Bengt Richter bokr at
Sat Jan 7 15:43:39 EST 2006

On Sat, 07 Jan 2006 14:05:18 +0100, Claudio Grondi <claudio.grondi at> wrote:
>What I am also looking for is a conversion to base 256 (i.e where the 
>full byte is used and the string and the integer have the same actual 
>content if on appropriate endian machine), which would make the bit 
>extraction comparable easy and effective as the i.__hex__() based method.
>Using digits() instead of the code you have provided speeds the whole 
>thing up two times (see attached code for details), but still is 
>i.__hex__() the best way to go and could be improved probably only by 
>direct conversion to base 256 or even higher base as e.g. 2**16 or 2**32.
(see Paul Rubin's post first).
BTW, I'd bet that '%x'.__mod__(i) will save you time over i.__hex__() by the time
you finish fiddling with 0x and L, even if you don't use the rest.

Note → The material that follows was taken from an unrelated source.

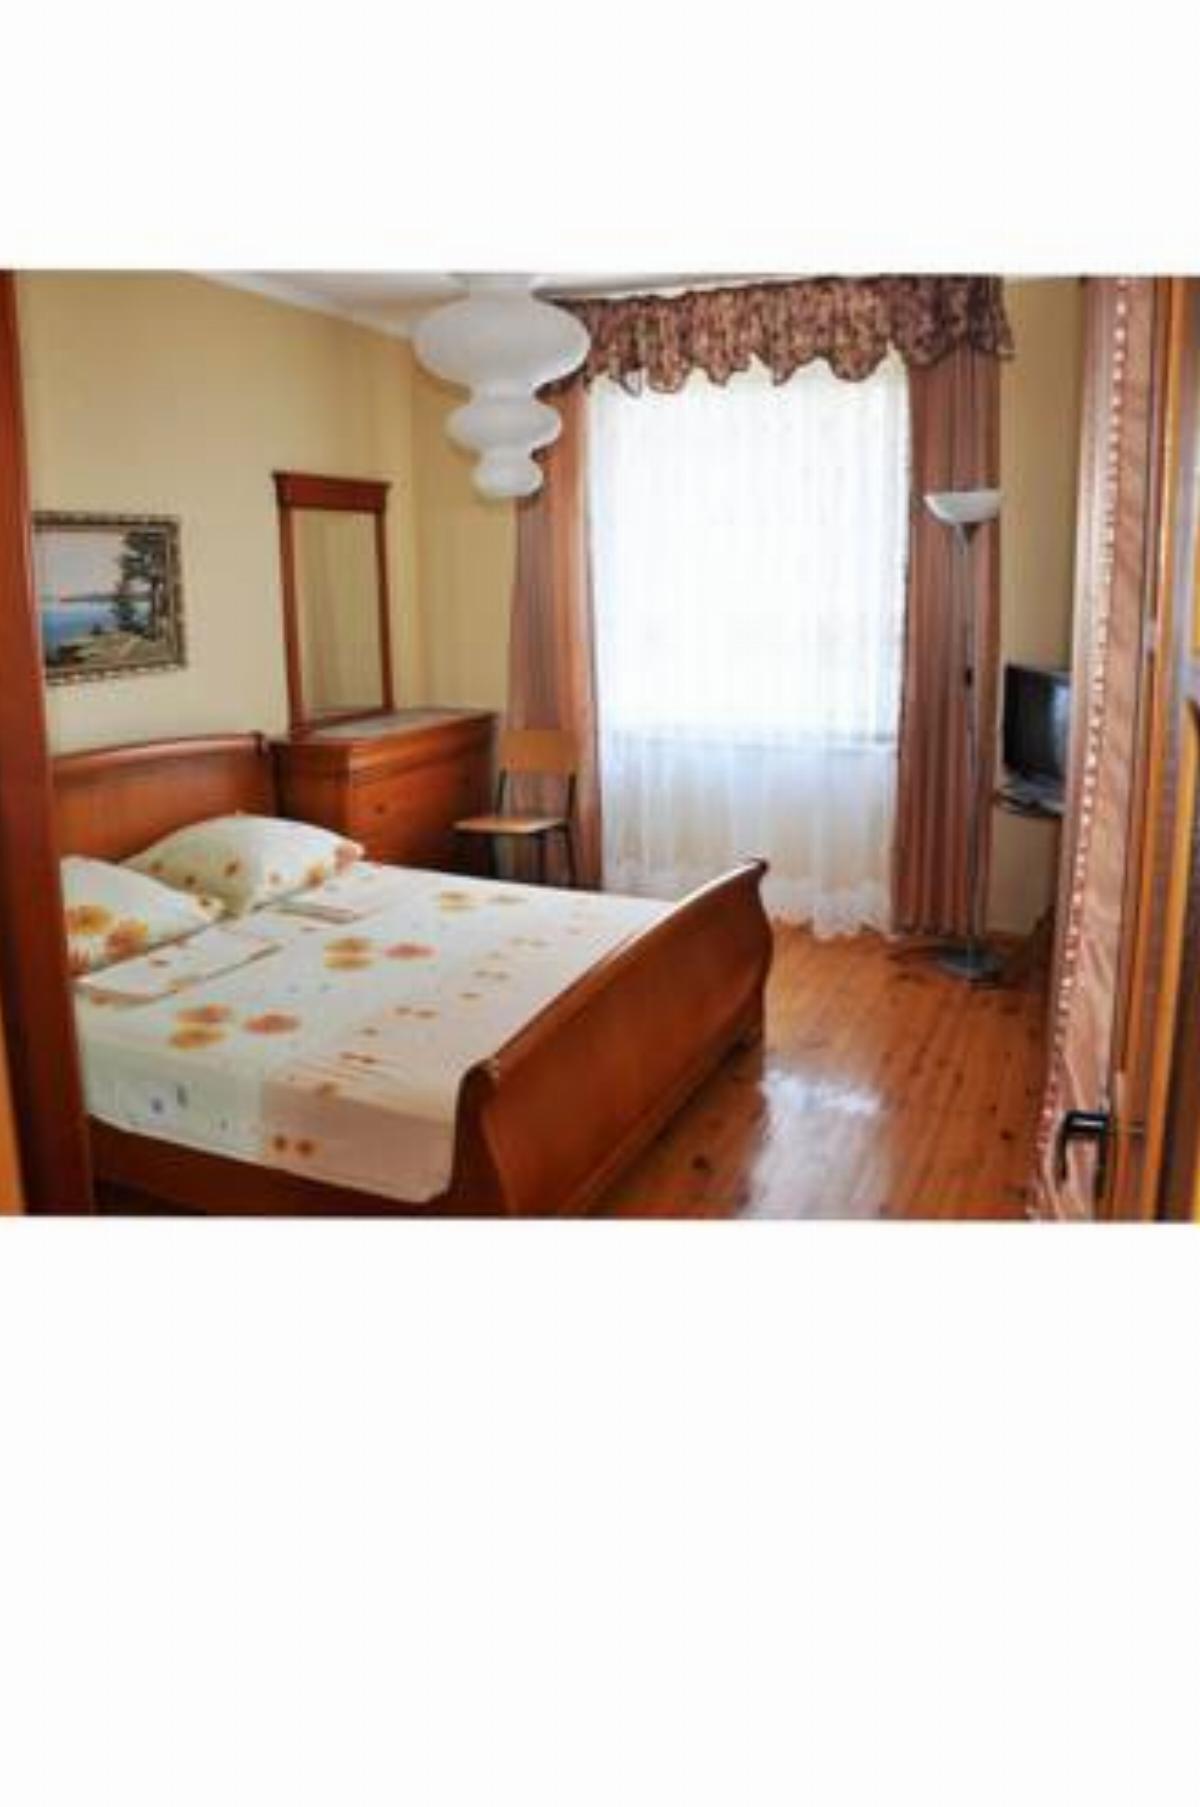 Guesthouse Serova 3 Hotel Koktebel Crimea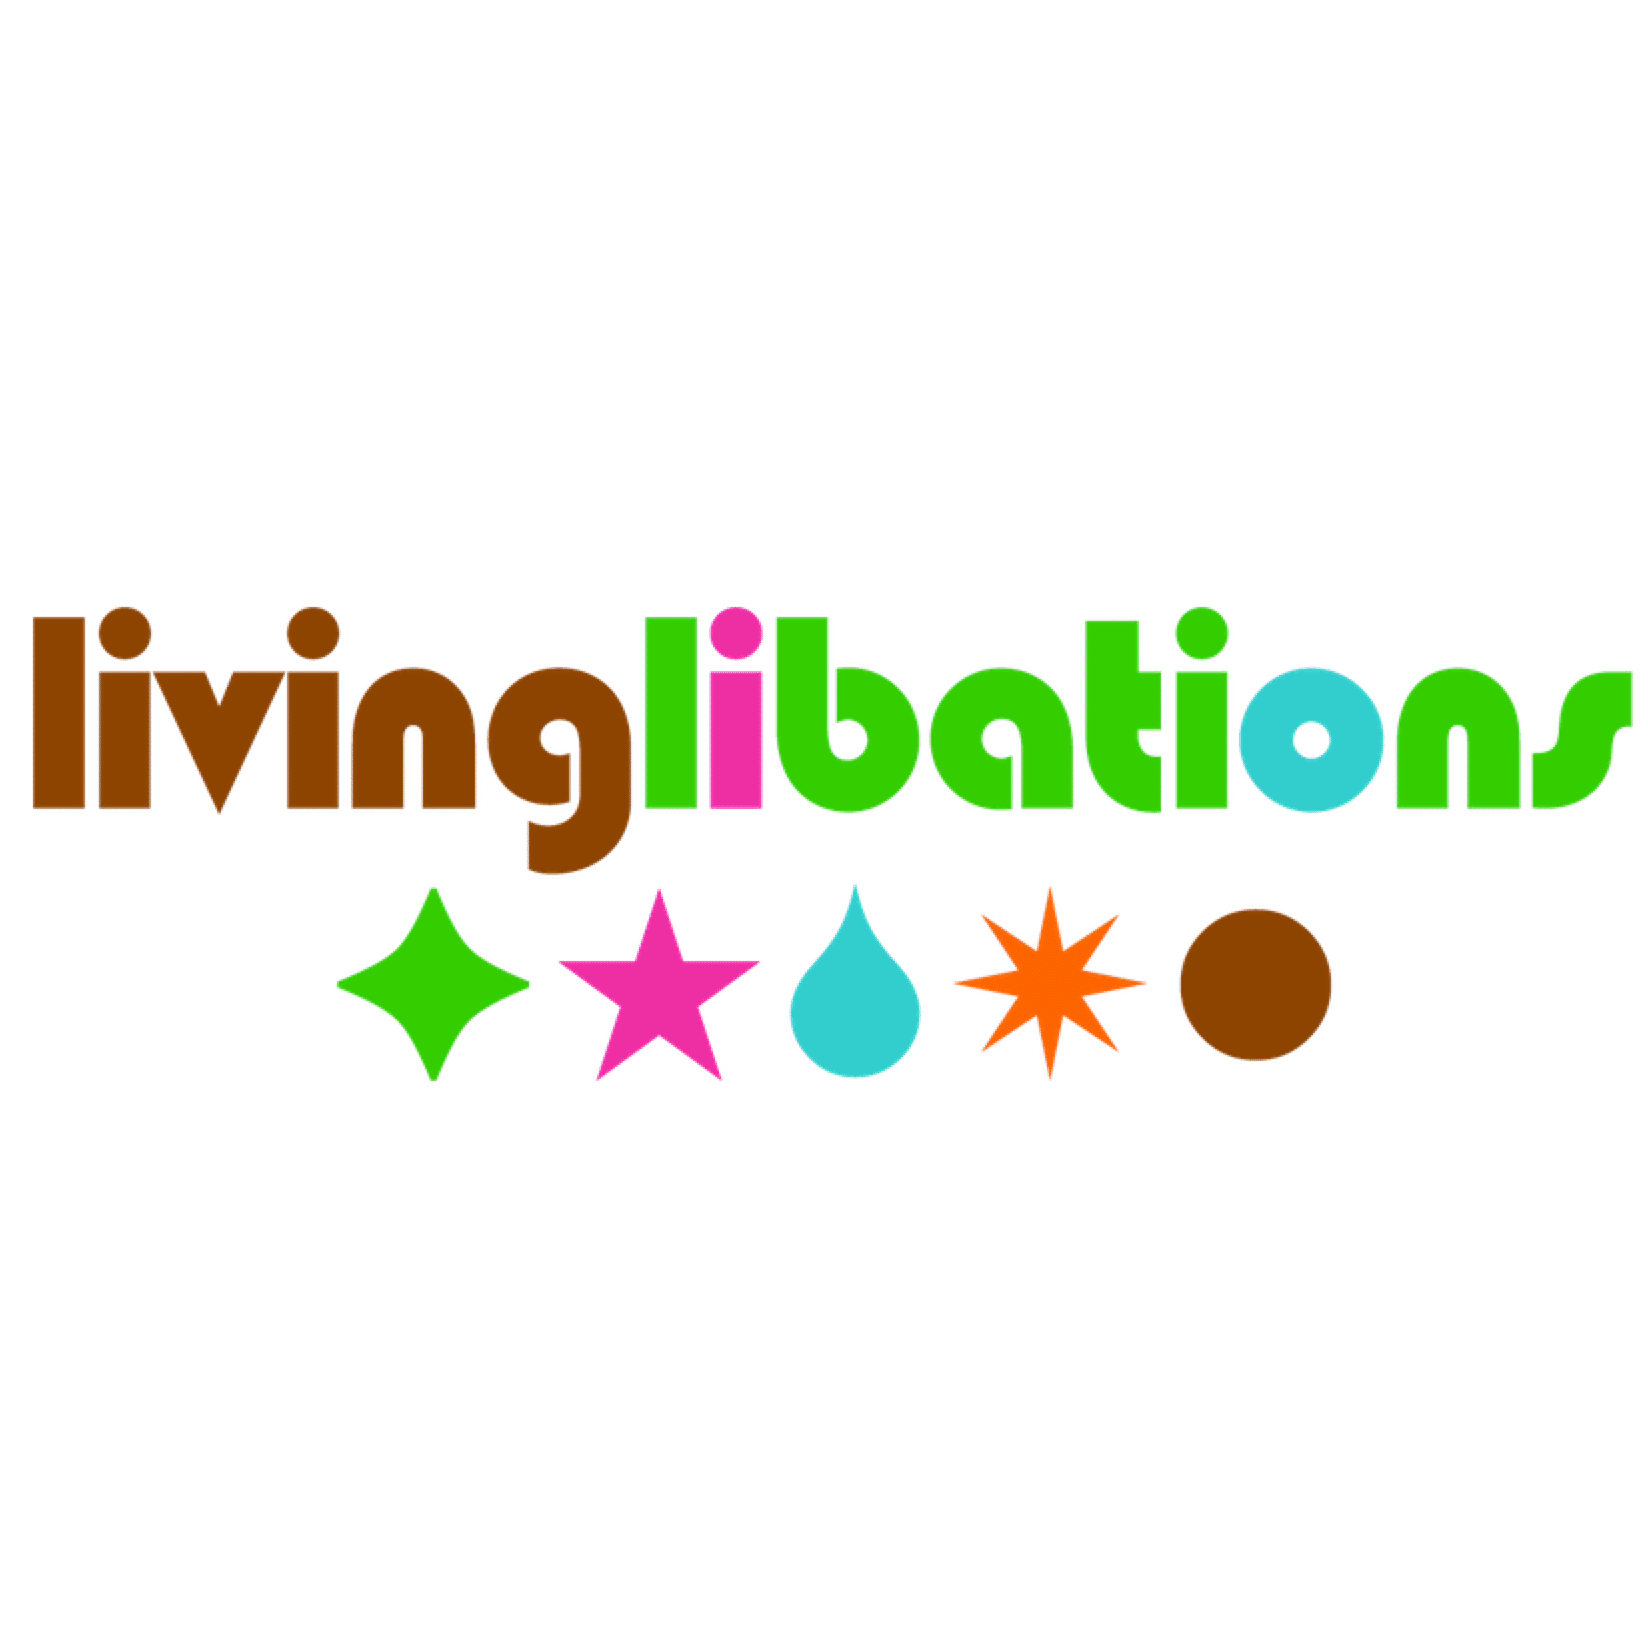 Living Libations Logo

The question looming is, "What are you intending to do with your new representations
of twos complement integers?"

BTW2, an easy way to play with integers chopped into little-endian bit field sequences is
a generator, e.g., (note that last field is sign bits, either all zeroes or all ones, so
you can unambiguously reconstruct a signed integer from this variable width representation).
(not very tested, and BTW as you see I hacked in using int when possible for return values)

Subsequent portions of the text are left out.